What are the lines below, starting at the line containing "City of Cusco viewpoint, Peru" and ending at the line containing "Subproductos-Tablas 2016 Categoría"? Write them out exactly, ends included, without pictures.

Material supplied —
---------------

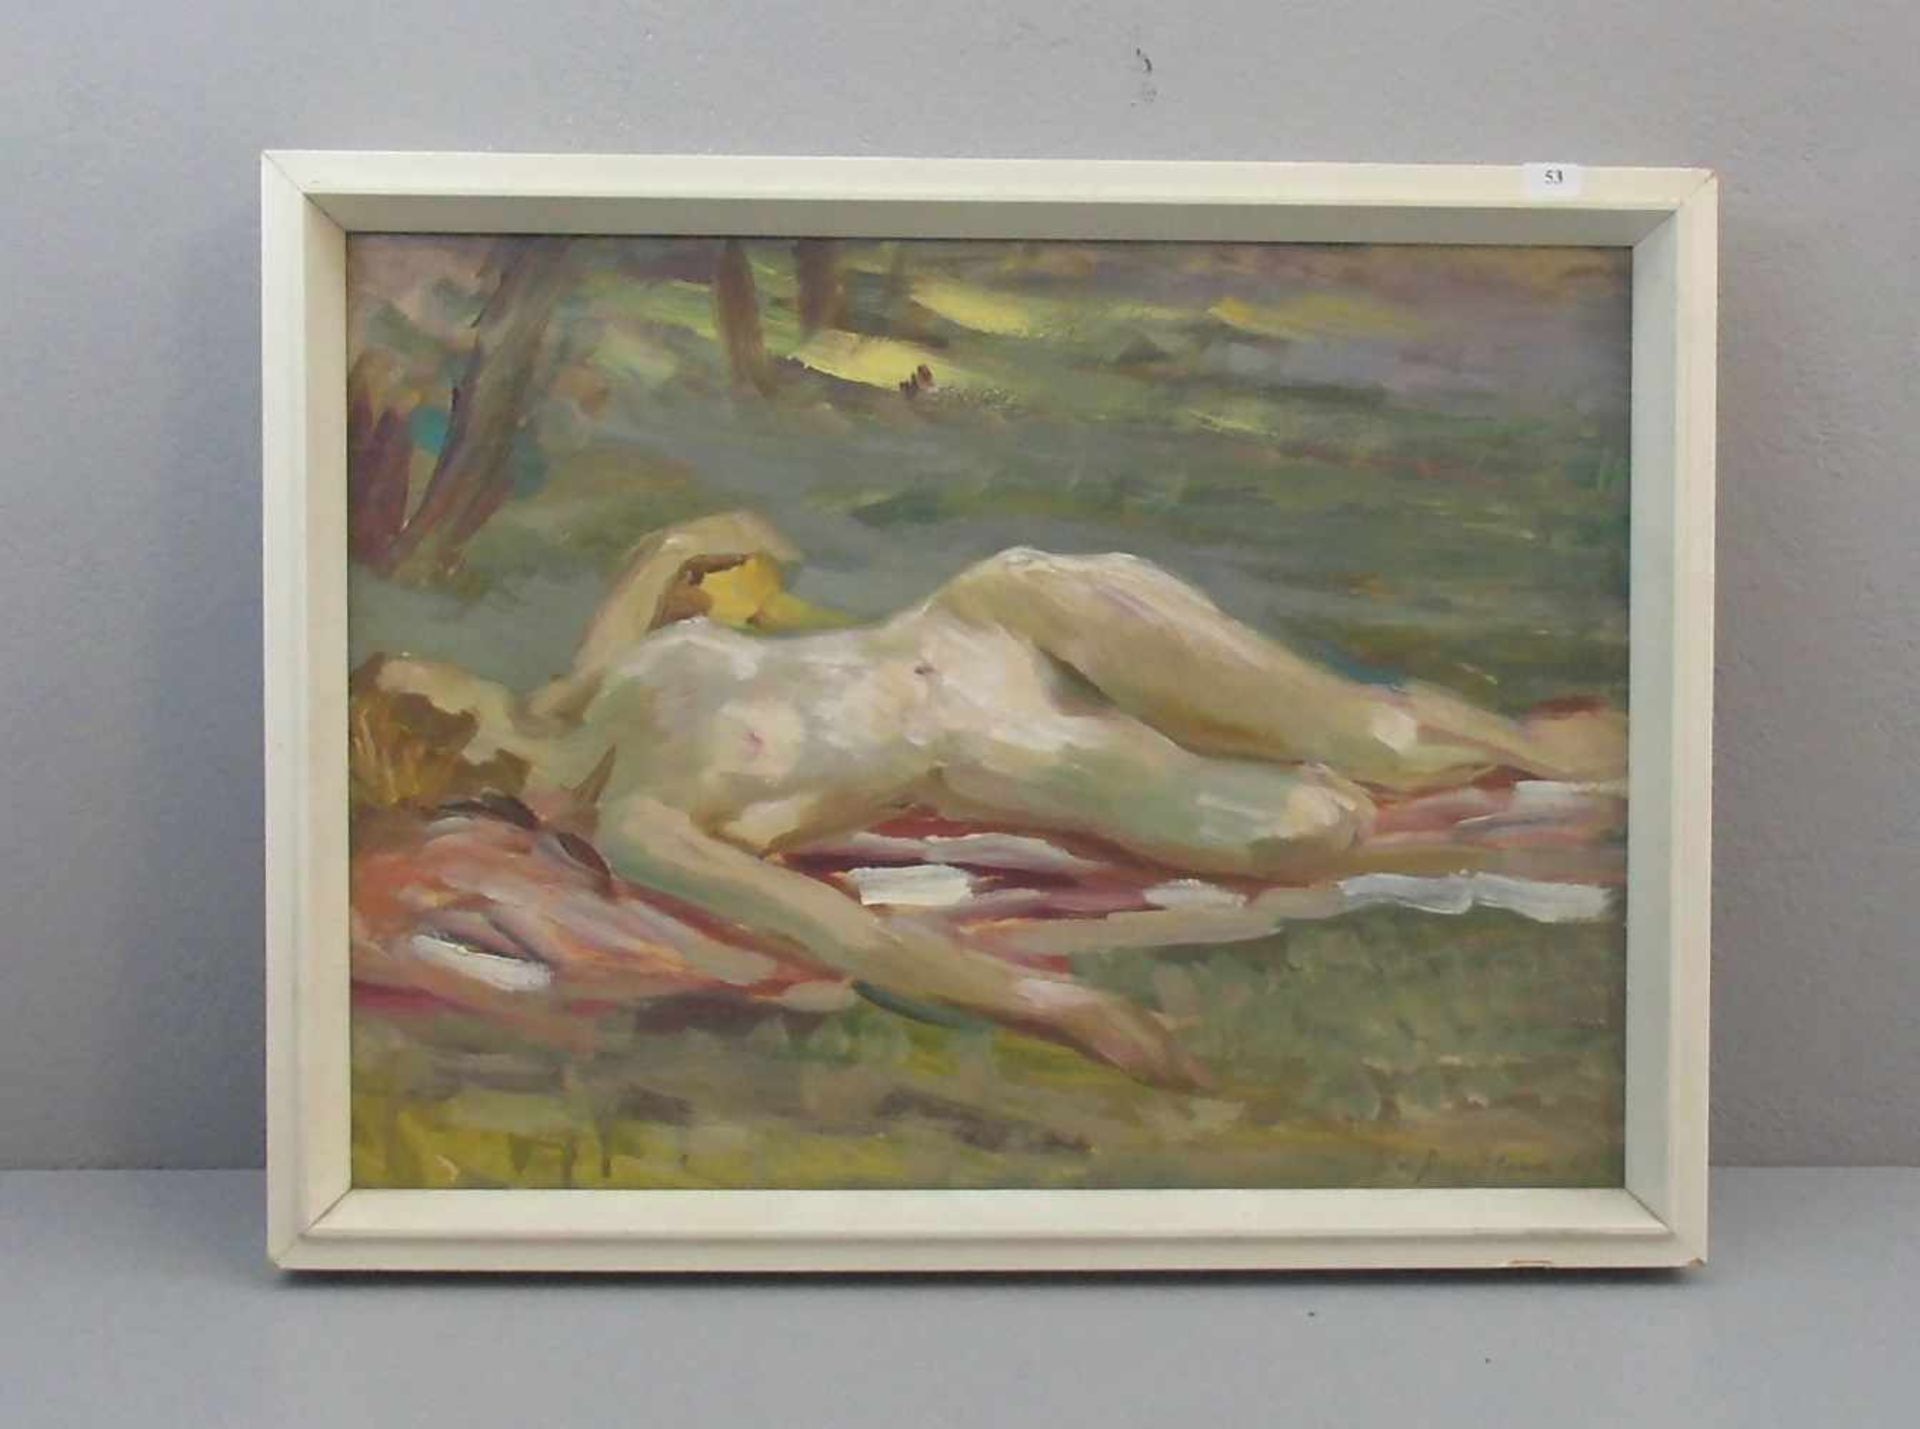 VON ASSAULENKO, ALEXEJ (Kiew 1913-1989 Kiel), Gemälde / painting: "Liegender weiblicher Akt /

---------------

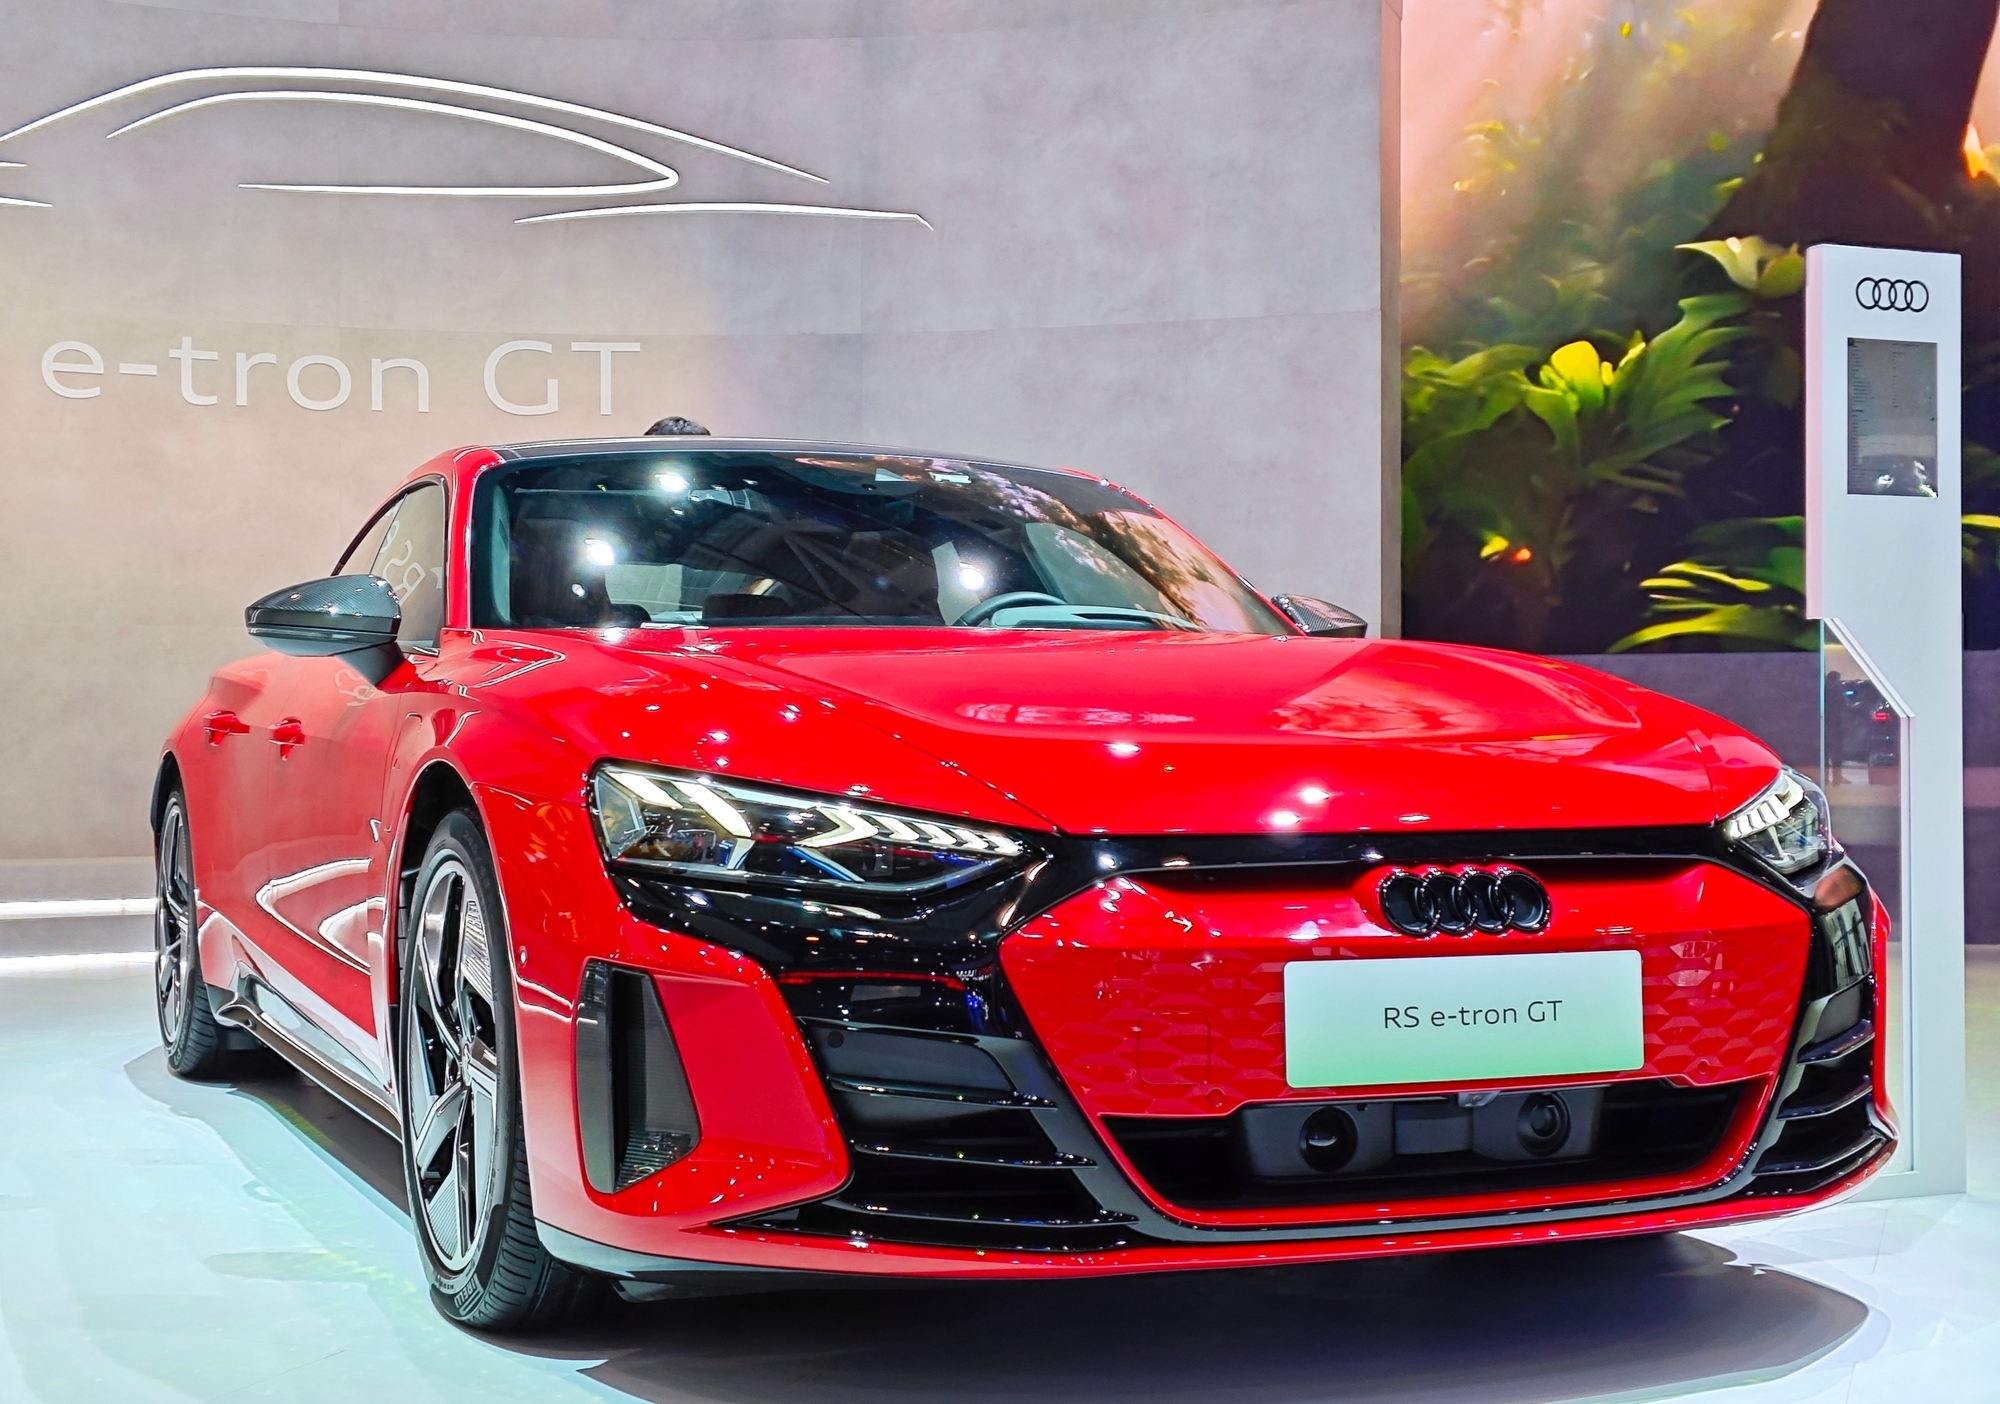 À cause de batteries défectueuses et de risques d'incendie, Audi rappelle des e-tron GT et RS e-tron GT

---------------

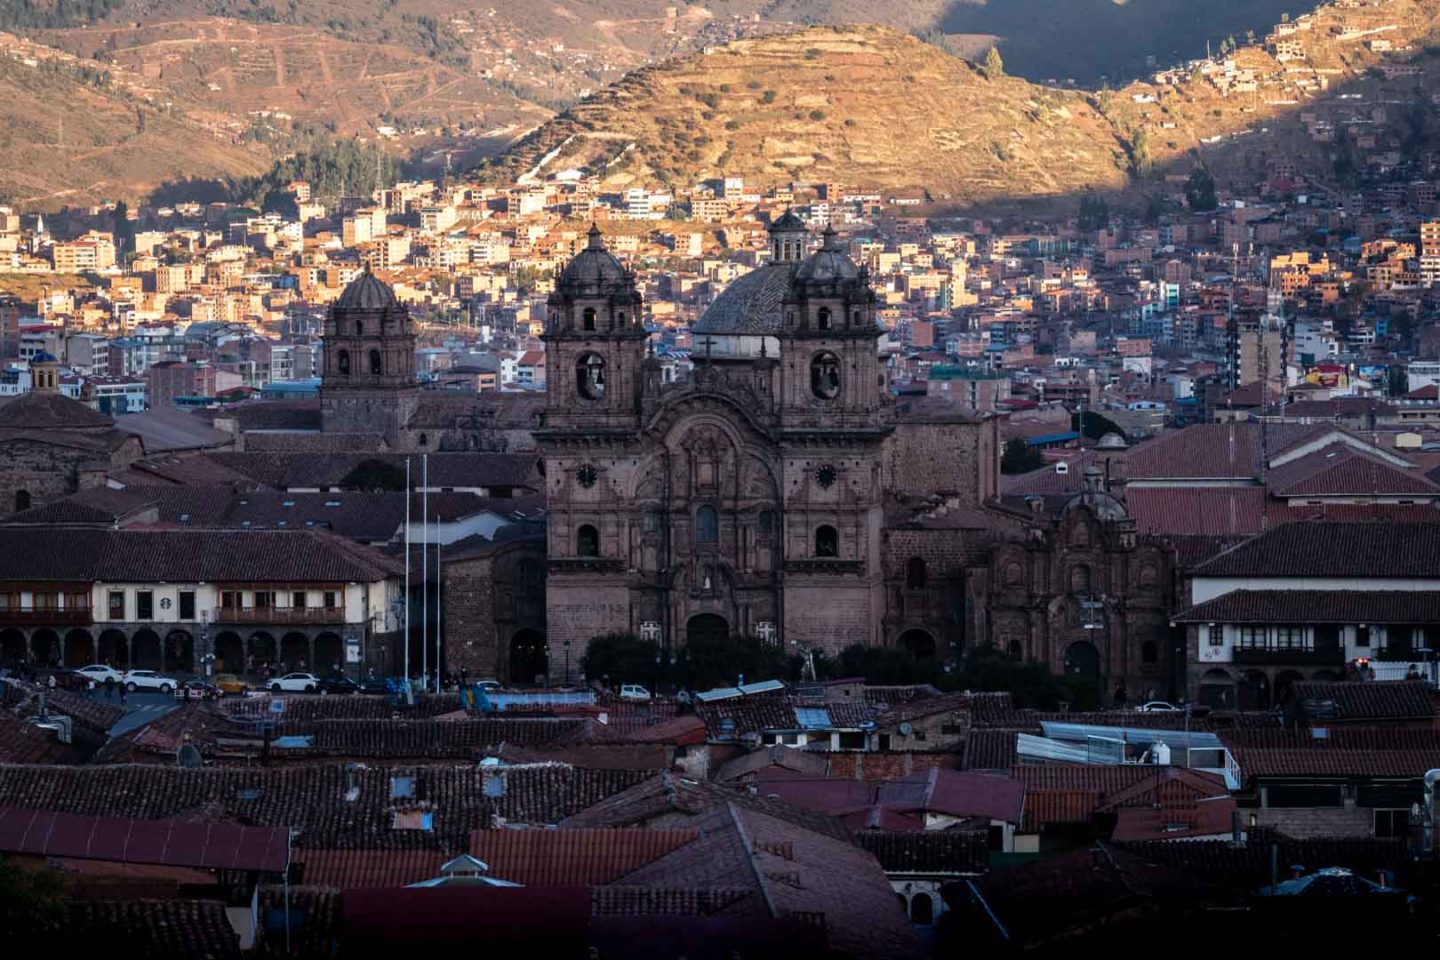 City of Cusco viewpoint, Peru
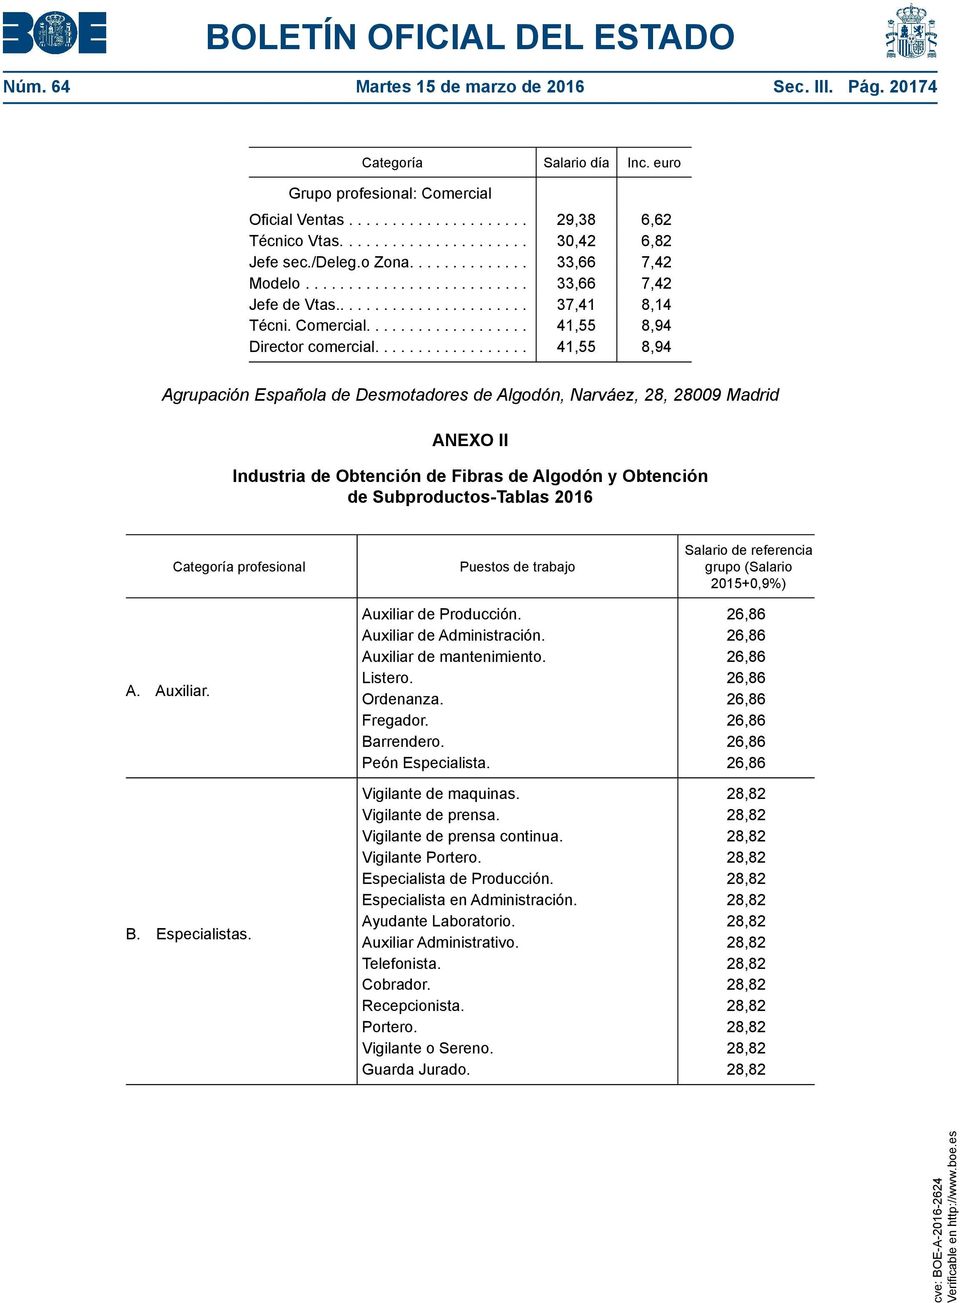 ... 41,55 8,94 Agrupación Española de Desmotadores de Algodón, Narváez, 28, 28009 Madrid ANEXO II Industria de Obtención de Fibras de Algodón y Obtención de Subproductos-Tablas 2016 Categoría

---------------

Solution for this task —
 City of Cusco viewpoint, Peru
 ... 41,55 8,94 Agrupación Española de Desmotadores de Algodón, Narváez, 28, 28009 Madrid ANEXO II Industria de Obtención de Fibras de Algodón y Obtención de Subproductos-Tablas 2016 Categoría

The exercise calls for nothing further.